Luetkens' correspondence was one of those chance discoveries. Haasis has been a member of the Oldenburg Prize Papers team since the preparatory phase of the project before its official launch in 2018. He was on his second visit to the National Archives when he came across several boxes full of documents seized from the Hamburg merchant ship Die Hoffnung. Haasis describes them as "a time capsule, whose contents were unknown". He took lots of photos so he could read the documents in peace at home. "It was only then that I realized this was a complete archive of letters, and that it all belonged to the same guy!" Galvanized by his discovery, Haasis rushed back to London and "took photos of everything".

"Everything" comprised a complete business archive in which Nicolaus Luetkens had kept all incoming letters and a letterbook with copies of all outgoing letters produced over the course of his two-year business trip along the Atlantic coast. More than 2,400 letters in total had been stored by Luetkens in the wooden travel chest, as well as invoices, outstanding bills of exchange, newspapers, and items of clothing. As Haasis later learned from the court documents, this wooden chest was hidden under a stack of barrels of sugar in the hold of the Hoffnung when the ship fell into the hands of privateers on August 23, 1745, on its way from Brest to Hamburg. Now the historian knows: "Luetkens had sent this letter archive, his main asset, to Hamburg with the intention of opening his merchant house there after two years of preparation – and then he lost it all. That's the equivalent of losing a computer together with all the passwords and company secrets today."

But Luetkens' loss is a huge gain for scholars researching the history of letter-writing and business practices. The documents enabled Haasis to not only reconstruct the merchant's journey all the way from Bayonne in the south of France to Brest in the north. Moreover, the historian could observe his practices and tactics throughout the entire process of establishing his merchant firm. And what practices they were! "What we see here are intrigues; how he exploited legal grey zones and used insider trading tactics. Few other mercantile records known to date offer such insights!", Haasis points out.

The documents also include personal letters, such as letters to Luetkens' future wife Ilsabe Engelhardt. It's "an absolute privilege", Haasis says, to be able to conduct research on such unique documents. Especially since many of them remained untouched for so long.
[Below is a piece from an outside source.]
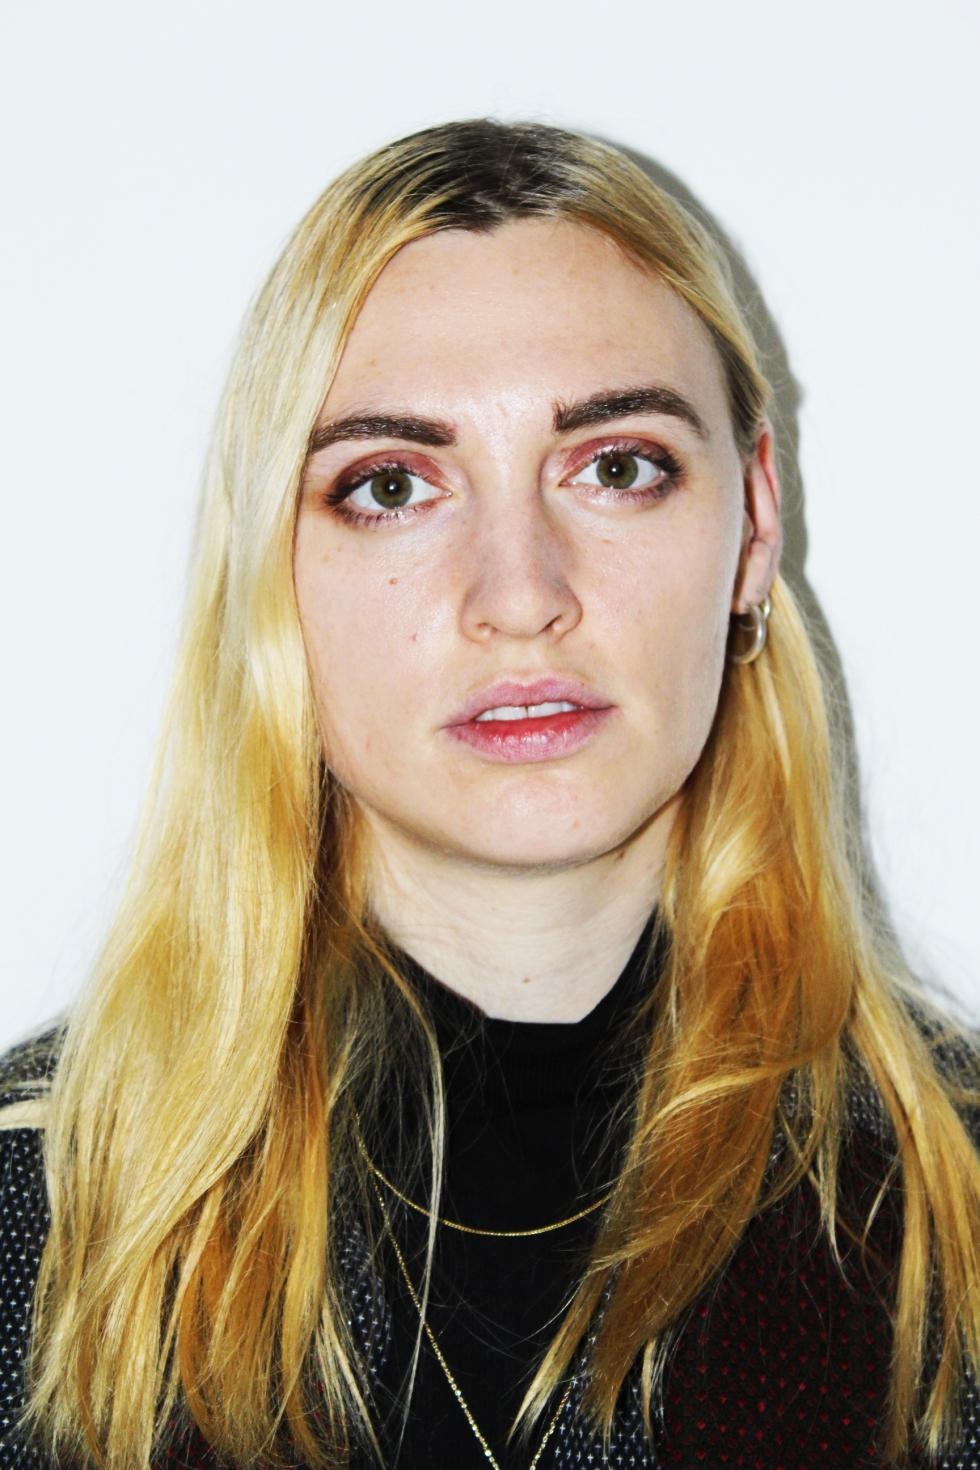 Emma2

For the conservators, archivists and photographers in London as well as the team in Oldenburg, preserving the documents in their original historical state is a key priority.

Anyone who will read Luetkens’ digitized letters in the Prize Papers online portal in the future will also find long-winded, at times pompous-sounding declarations of love, which Haasis’ analysis revealed to be set phrases taken from the letter-writing manuals popular at the time.

At the end of 1744, Luetkens sent jewellery and other such "trifles" to his "most beloved" to console her for his having to extend his journey. The collection also includes letters securing the financing of business deals or assuring a ship's crew that he would pay a ransom if they were captured in the Mediterranean Sea by privateers of the Ottoman Empire. "The letters spoke, indeed acted on behalf of their author," says Haasis. On May 5, 1744, Luetkens penned the following lines to his brother Anton:  

Since (...) the turmoil of war has given some people reservations about loading cargo onto our ships (...), I had the idea that you should become a citizen (...). Then I would sell you a share in the ships so that you could swear in good conscience (...) that they belong to you.“

Being in France, which was at war with England, Luetkens had decided to use his brother as a straw man so that his ships could sail under the neutral flag of Hamburg and thus avoid being captured as "prizes". However, at least in the case of the Hoffnung, this strategy failed.

But despite such setbacks, Nicolaus Gottlieb Luetkens succeeded in founding his own merchant house in Hamburg, married his fiancé in 1745, and even went on to become a senator of the Hanseatic City. His Beletage – the luxury entrance hall of his villa with its French gilt furniture – can still be admired today in the Museum für Kunst und Gewerbe, the museum of arts and crafts, in Hamburg.